Sedangkan menurut istilah fiqh berarti mengetehui hukum-hukum syara’ yang
amaliah (mengenai perbuatan, perilaku) dengan melalui dali-dalil yang
terperinci. Ilmu fiqih dihasilkan oleh pikiran serta ijtihad (penelitian) dan
memerlukan wawasan serata perenungan. Orang yang ahli di dalam ilmu fiqh
disebut faqih. Sering juga disebut dengan fuqaha (jama’ dari faqih). Fuqaha
termasuk dalam kategori ulama, tetapi tidak semua ulama adalah fuqaha. Ilmu
fiqh disebut juga ilmu ahlal, ilmu al halal dan al-haram, syara’i wa al-ahkam.
Ushul
fiqh terdiri dari dua kata yaitu ushul dan fiqh. Nama usul fiqh berasal dari
bahasa arab. Ushul merupakan bentuk jamak dalm bahasa arab. Bentuk tunggalnya
adalah ashl yang berarti sumber atau dalil yang menjadi dasar sesuatau atau
juga yang berarti kuat. Jadi ushul fiqh merupakan sumber dari fiqh. Definisi
ushul fiqh menurut Al-Syawkani adalah ilmu untuk mengetehui kaidah-kaidah, yang
kaidah tadi bisa digunakan untuk mengeluarkan hukum syara’ yang berupa hukum
furu’ (cabang) dari dalil-dalilnya yang terperinci. Al-Ghazali mendefinisaikan
ushul fiqh sebgai ilmu yang membahas tentang dalil-dalil hukum syara’ dan
tentang bentuk-bentuk penunjukan dalil tadi terhadap hukum.
Apabila
kita mempelajari fiqh tanpa memepelajari usujl fiqh maka kita tidak tahu
bagaimana caranya menegluarakan hukum dari dalil-dalilnya dan mengembaliakn
hukum fiqh kepada sumber asalnya. Mengetahui ushul fiqh merupakan persyaratan
pokok untuk menjadi seorang mujtahid (orang yang melakukan ijtihad).
B.
Sejarah
dan Perkembangan Fiqh dan Ushul Fiqh
1.
Sejarah
fiqh
a.
Periode
rasulullah
Pada
periode ini agama Islam baru didakwahkan sehingga periode ini disebut periode
risalah. Pada periode ini semua masalah fiqh diserahkan langsusng kepada nabi
Muhammad saw. Sumber hukum Islam pada eriode ini adalah Al-Quran dan Sunnah.

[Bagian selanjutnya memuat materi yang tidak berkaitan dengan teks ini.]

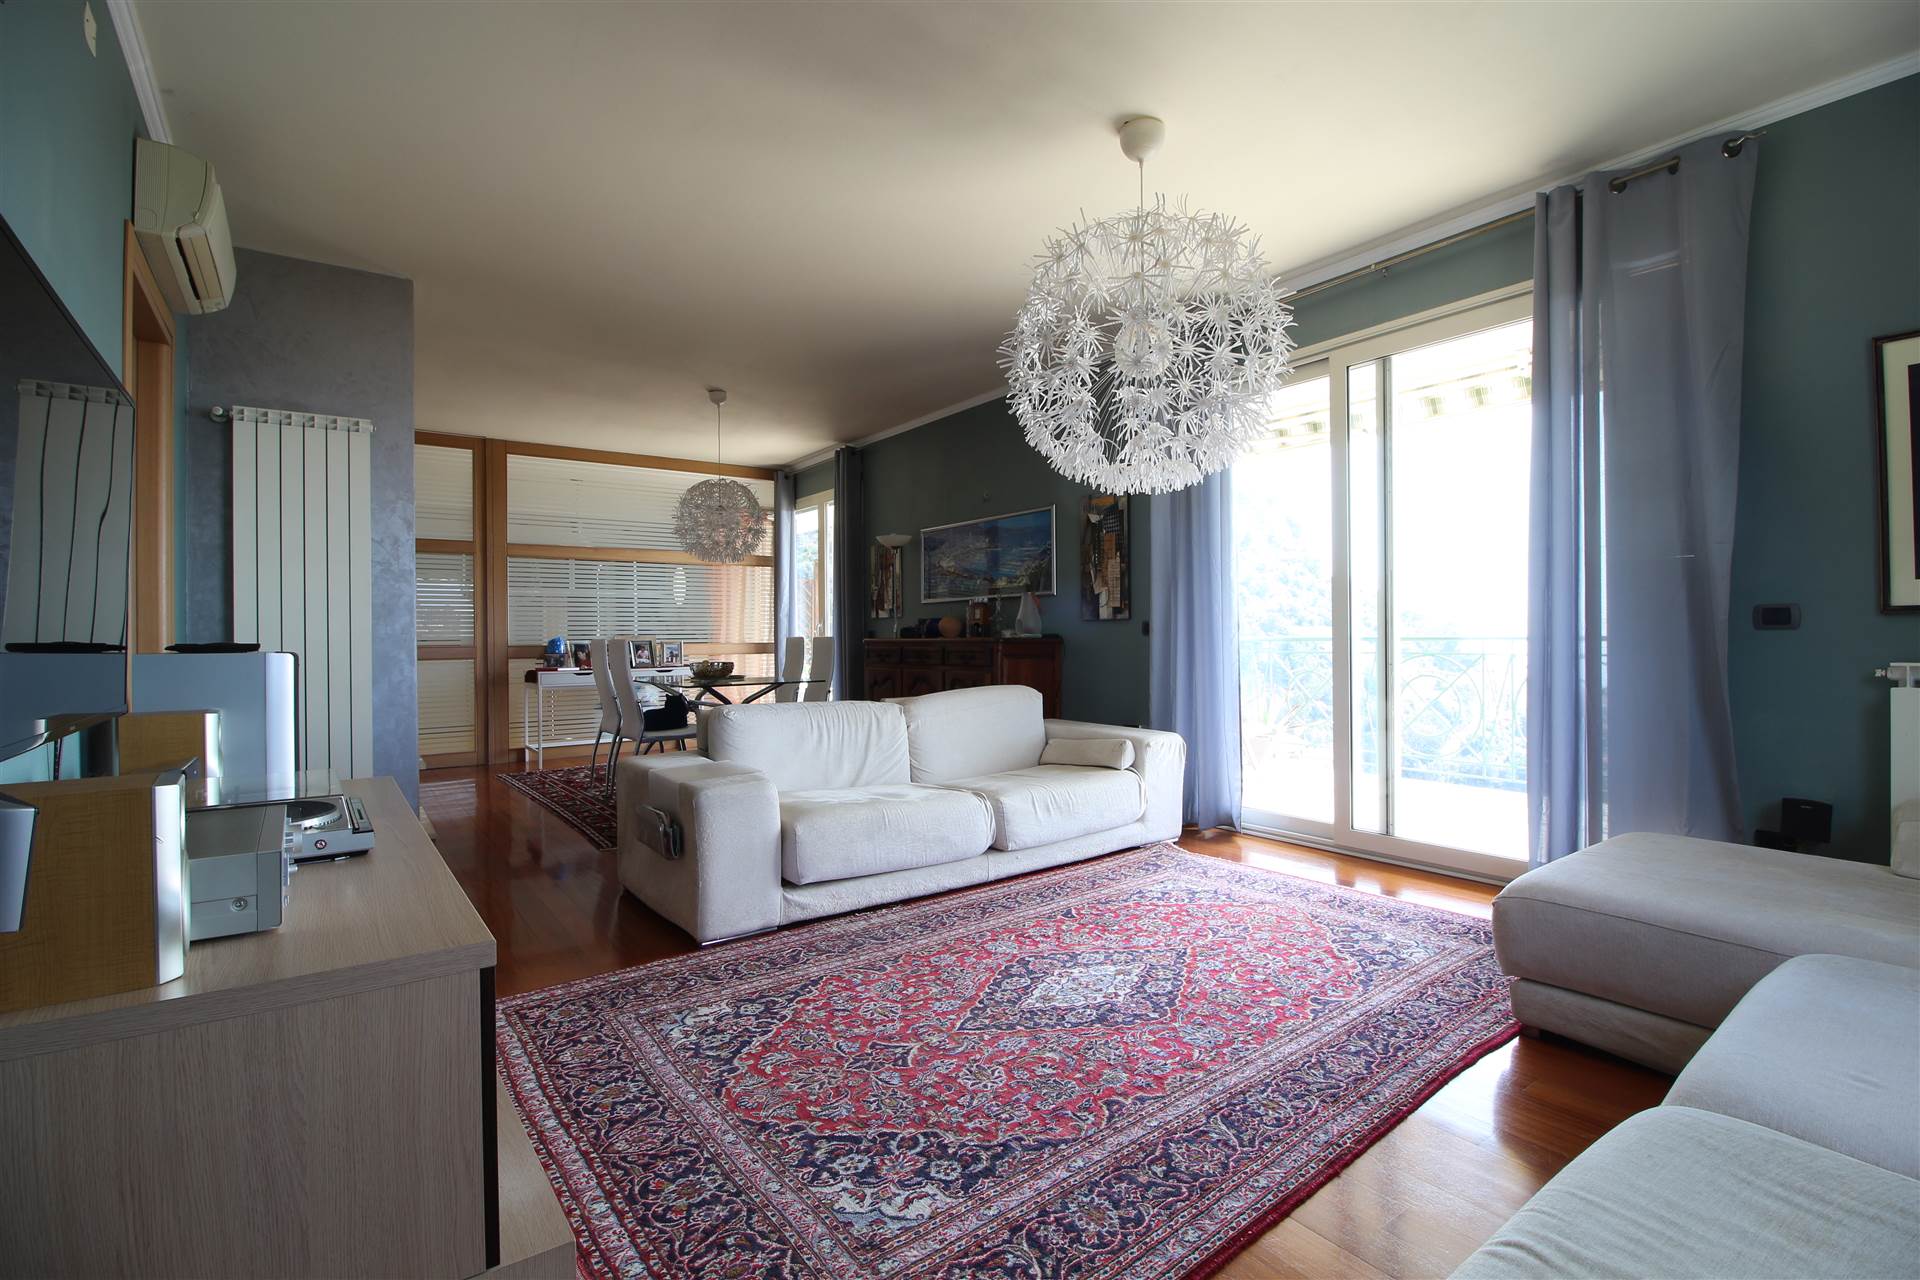 Stai cercando un appartamento di prestigio in vendita a Ventimiglia? Abbiamo la soluzione perfetta per te! Questo splendido appartamento di 117 mq si

Periode rasululah dibagi menjadi dua yaitu periode Mekkah dan periode Madinah.
Periode
Mekkah lebih fokus pada permasalahan akidah. Fondasi dalam kehidupan adalah
akidah yang benar. Dakwah rasulullah dimulai dengan mengubah keyakian
masyarakat yang musyrik menuju masyaeakat yang berakidah tauhid dan
membersihkan hati serata menghiasai diri dengan akhlak terpuji. Periode ini
dimulai sejak diangakatnya nabi Muhammad menjadi nabi dan rasul sampai beliau
hijrah ke Madinah. Periode ini berlangasung selama kurang lebih dua belas
tahun.
Periode
Madinah dimulai ketika nabi hjrah dari Mekkah ke Madinah. Kota Madinah menjadi
tanah air baru bagi masyarakat Islam. Di kota ini jumlah pemeluk agama Islam
bertambah banyak. Seiring bertambahnya pemelik agama Islam maka munculah
berbagai macam masalah yang berkaiatan dengan fiqh. Terkadang tidak ditemukan
dalil yang sesuai dengan msalah yang muncul. Sehingga nabi dan para sahabat
melakukan ijtihad untuk memecahkan masalah tersebut. Di kota ini pula
disyariatakan hukum yang meliputi keseluruhan bidang ilmu fiqh.
b.
Periode
sahabat (khulafaur rasyidin)
Periode
ini ditandai dimulai denan wafatnya nabi Muhammad saw dan berakhir ketika
pemerintahan Islam jatuh ke tangan Muawiyah bin Abu Sufyan pada yahun 41H/661M.
Sumber hukum pada periode ini tidak hanya Al-Quran dan Sunnah, tetapi sudah
mulai mengunakan ijtihad para sahabat. Ijtihad dilakukan apabila tidak
ditemukan dalil atau nash di dalam Al-Quran dan Sunnah yang dapat memecahkan
suatu permasalahan. Permasalahan pada periode ini sudah sangat kompleks seiring
bertambahnya pemeluk Islam dari berbagai etnis dengan budaya masing-masing.
Pada
periode ini, untuk pertama kalinya para fuqaha berbenturan dengan budaya,
etika, nilai moral, dan nilai-nilai kemanusiaan yang ada dalam masyarakat
majemuk. Periode ini meninggalkan : 1)penafsiran sahabat tentang ayat-ayat
hukum. 2) sejumlah sahabat dalam kasus-kasus yang tidak ada nash hukumnya. 3)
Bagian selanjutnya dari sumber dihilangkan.